Trumps Presidential Income Mandate

Dear Reader,

If $68 billion were being handed out tomorrow, you’d expect to hear about it everywhere.

But according to Brad Thomas — a former advisor to President Trump — the media and Wall Street don’t want you to know about the up to $68 billion up for grabs.

In other words, that’s $8 million being paid out EVERY hour.

And these payouts were just reinforced by a mandate signed into law by President Trump.

trumpsigning

This is money that must be paid out by Federal law every single year — no matter what happens in the market.

Unfortunately most Americans have no idea these payouts exist.

And even fewer know how to collect them.

Brad says this isn’t by accident.

The details are buried in legal language most people don’t have time to read — and Wall Street isn’t incentivized to share.

That’s why Brad is stepping forward now.

He details how everyday Americans can access the same mandated payouts institutions have relied on for years.

In this special presentation, he blows the lid off the biggest income gift to Americans in the last 20 years.

If you’re interested in discovering how to add another source of income — and keeping more of your money in 2026, you’ll definitely want to see this.

Click here to see how these payouts work — and how some Americans are already collecting up to $10k a month.*

Regards,

Steven Longenecker
Editorial Director, Wide Moat Research

**The investment results described in this testimonial are not typical. Investing in securities carries a high degree of risk; you may lose some or all of the investment.






Monday’s Bonus Content

Is Abbott’s January Pullback a Good Time to Buy? 

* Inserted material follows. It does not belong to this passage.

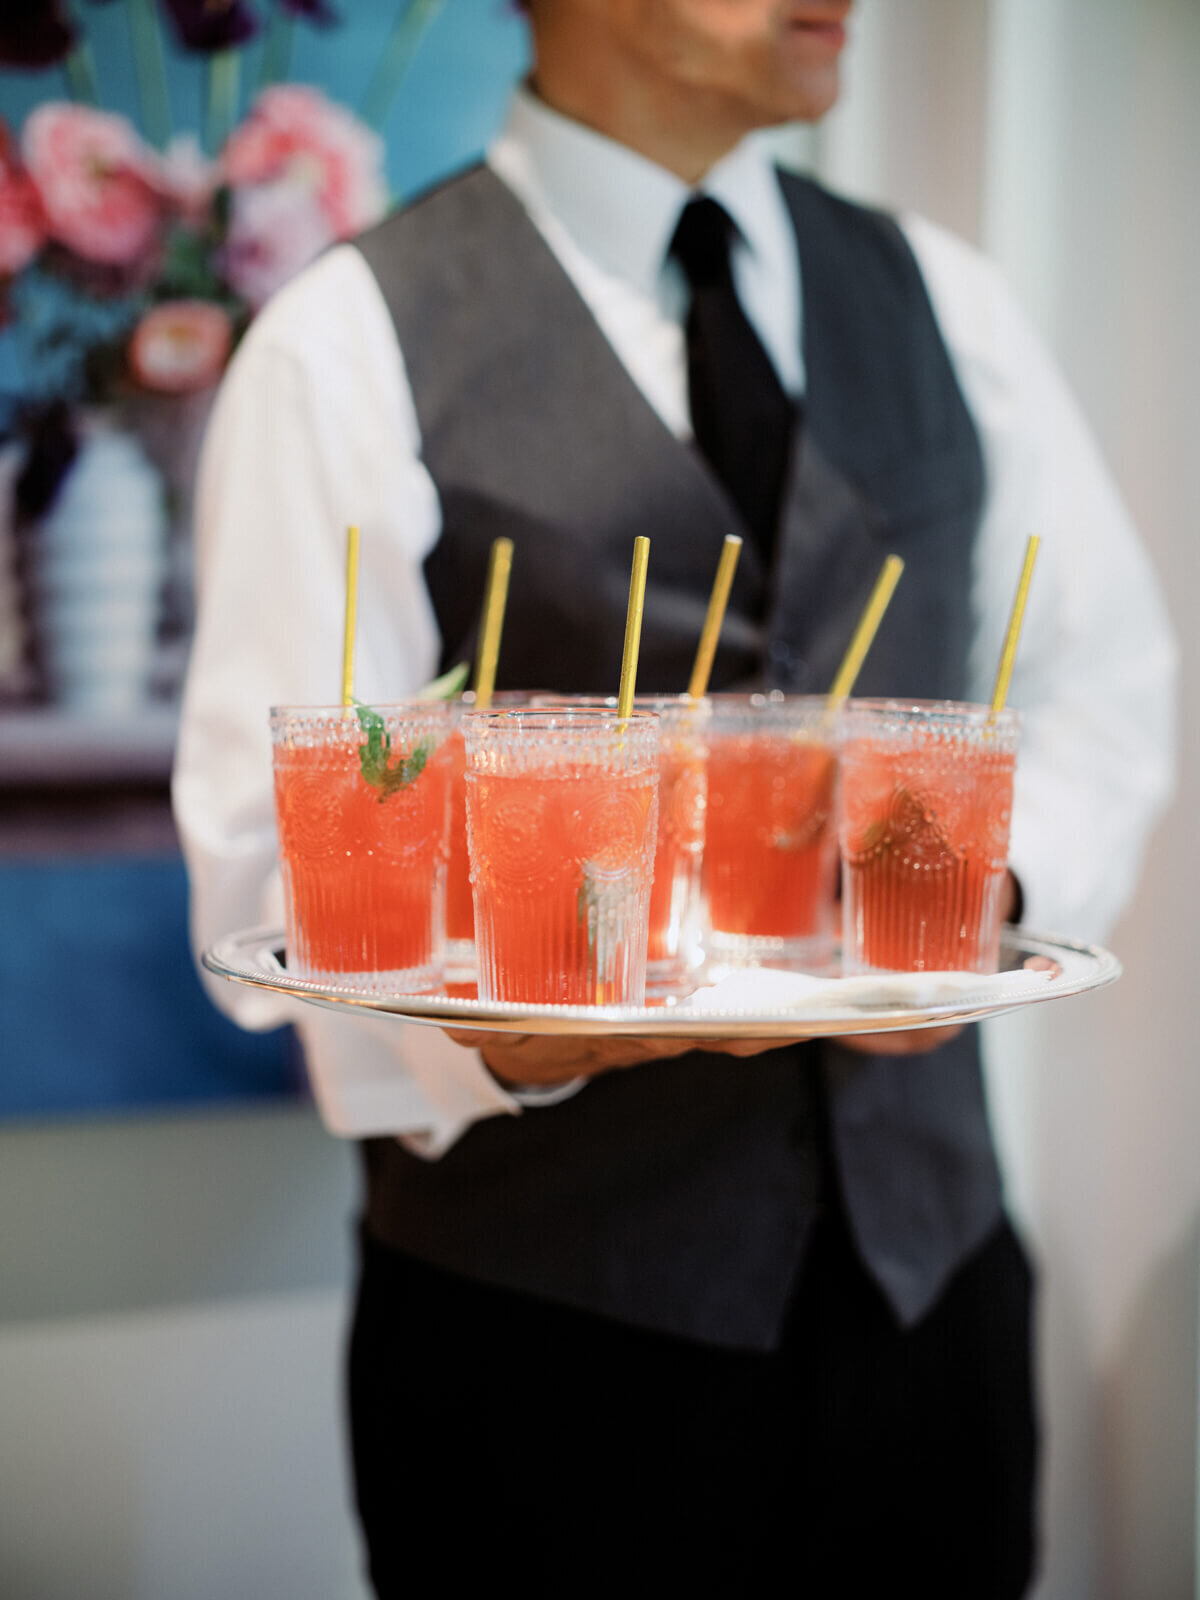 The waiter is holding a round tray of six red drinks with straws.

By Thomas Hughes. Article Published: 1/24/2026. 

Abbott logo on tablet beside Libre glucose sensor and BinaxNOW test kit in a clinical lab setting.

In Brief

  • Abbott Laboratories’ January pullback looks driven more by sentiment than fundamentals, putting shares back near a prior accumulation zone.
  • Quarterly results showed solid sales growth, improving margins, and faster adjusted earnings growth despite a revenue miss.
  • A long dividend-growth track record and potential upside implied by analyst targets underpin the bullish rebound case.

Abbott Laboratories’ (NYSE: ABT) January 2026 price pullback makes the stock look attractively valued. The move—driven more by market angst than by any clear company weakness—appears to be a knee-jerk overreaction that has returned the shares to a buy zone.

ABT stock chart displaying the price action tentatively landing at support, though risks remain.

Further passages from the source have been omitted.